Five cards are marked with the numbers \(1,2,3,4,\) and \(5,\) shuffled, and 2 cards are then drawn. How many different 2 -card hands are possible?

Short Answer

Expert verified
10 different 2-card hands are possible.

Step by step solution

01

Understand the problem

We need to find out how many different combinations of 2 cards can be drawn from a set of 5 cards labeled 1 to 5. The order in which the cards are drawn does not matter.
02

Identify the formula

For combinations where order does not matter, the formula for combinations is used: \[ C(n, k) = \frac{n!}{k!(n-k)!} \] Here, \( n \) is the total number of items, and \( k \) is the number of items to choose.
03

Apply the values

Here, \( n = 5 \) (total cards) and \( k = 2 \) (cards to be drawn). Substitute these values into the combination formula: \[ C(5, 2) = \frac{5!}{2!(5-2)!} \]
04

Calculate the factorials

Factorial of a number \( x! \) means the product of all positive integers up to \( x \).

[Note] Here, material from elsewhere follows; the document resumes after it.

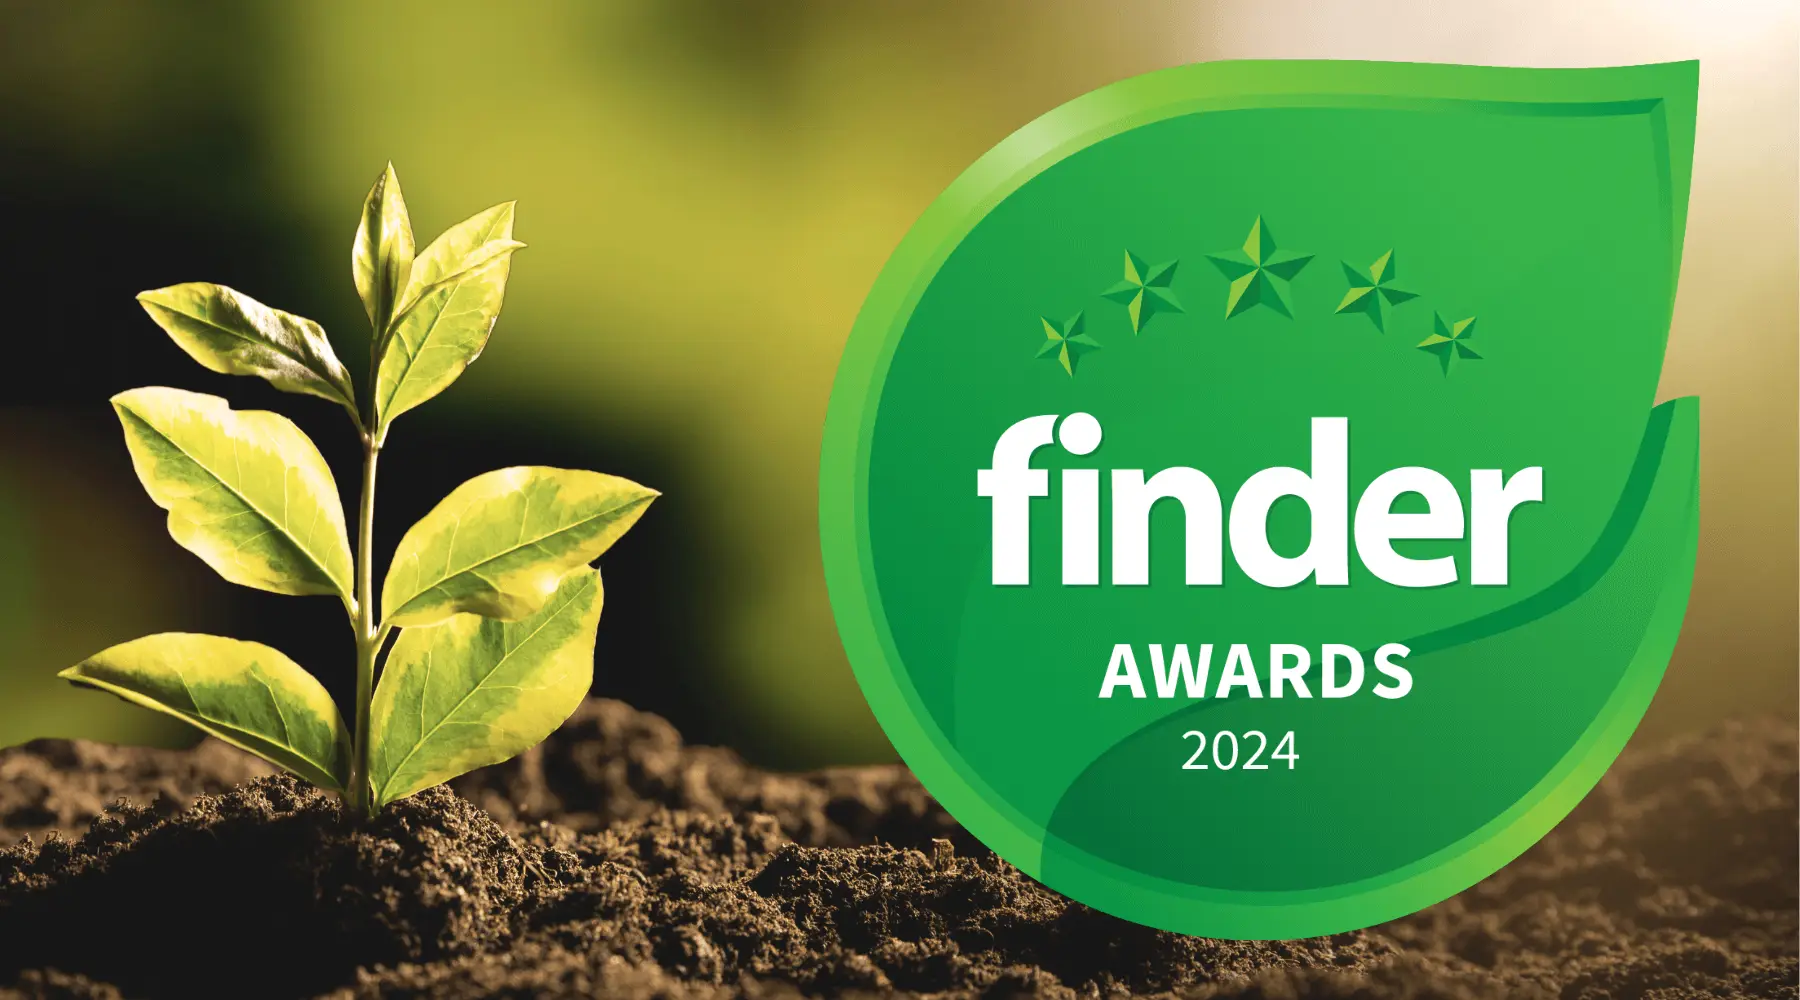 Finder Green Awards badge next to a sapling growing from some soil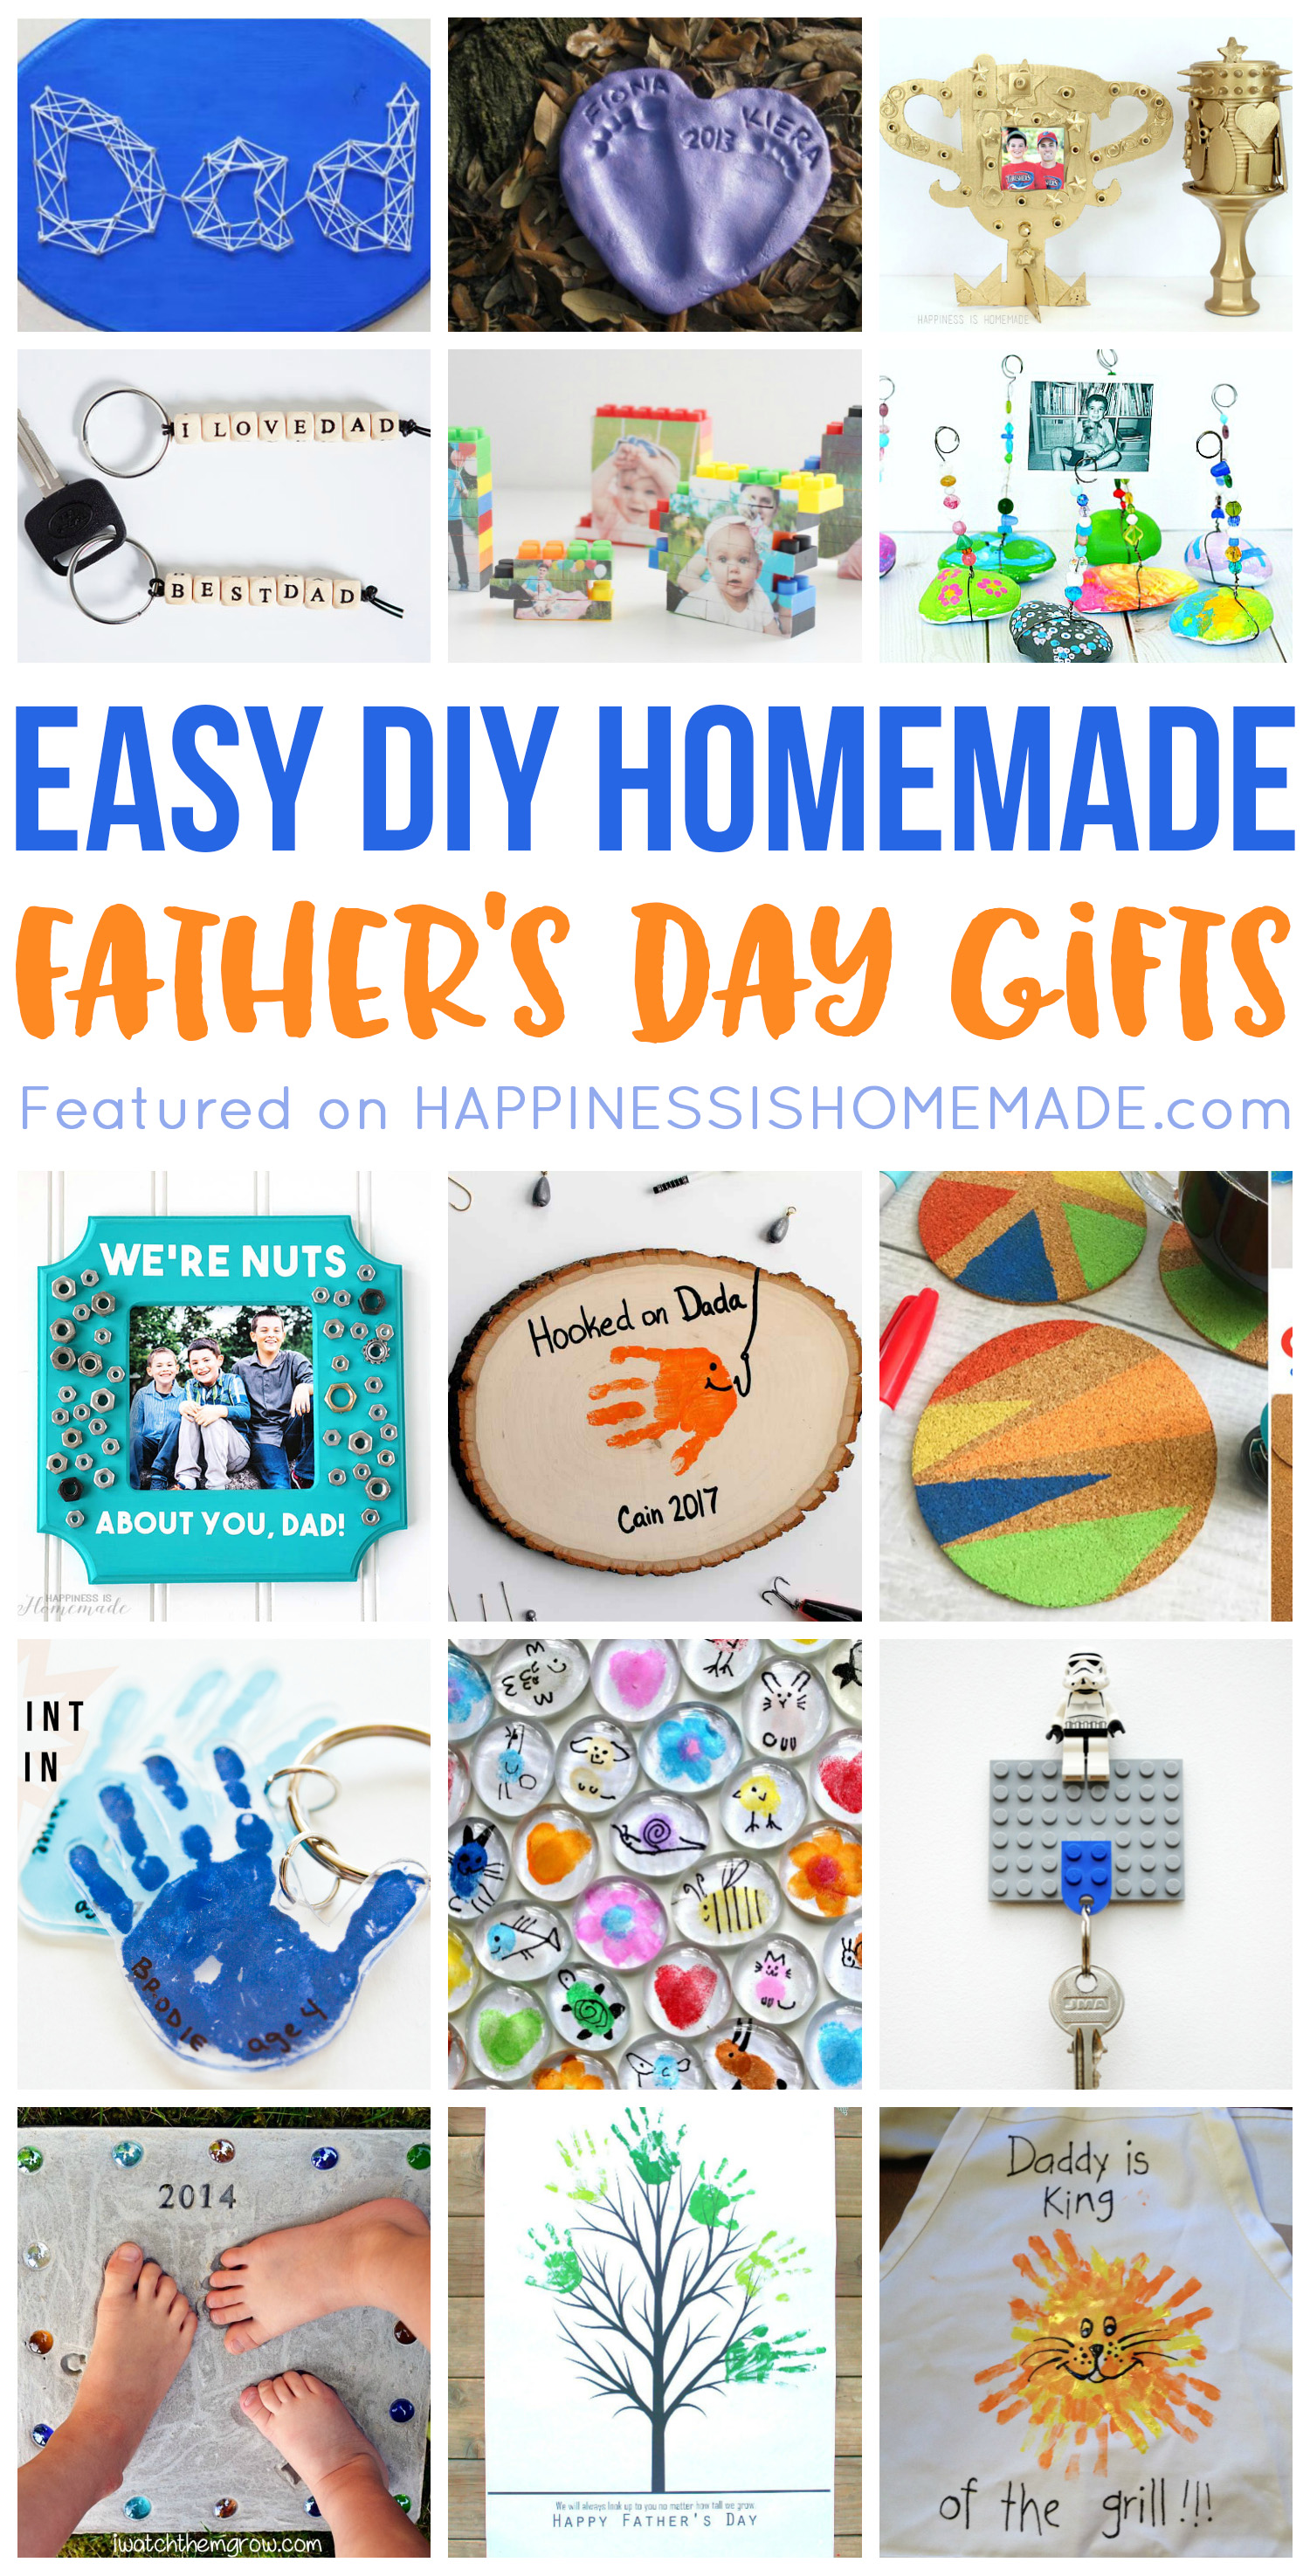 Simple Father's Day Crafts from Kids - Boogie Wipes

Calculate the factorials: \[ 5! = 5 \times 4 \times 3 \times 2 \times 1 = 120 \] \[ 2! = 2 \times 1 = 2 \] \[ 3! = 3 \times 2 \times 1 = 6 \]
05

Substitute and solve

Substitute the factorial values back into the combination formula: \[ C(5, 2) = \frac{120}{2 \times 6} = \frac{120}{12} = 10 \]
06

Conclusion

The number of different 2-card hands that can be drawn from a set of 5 cards is 10.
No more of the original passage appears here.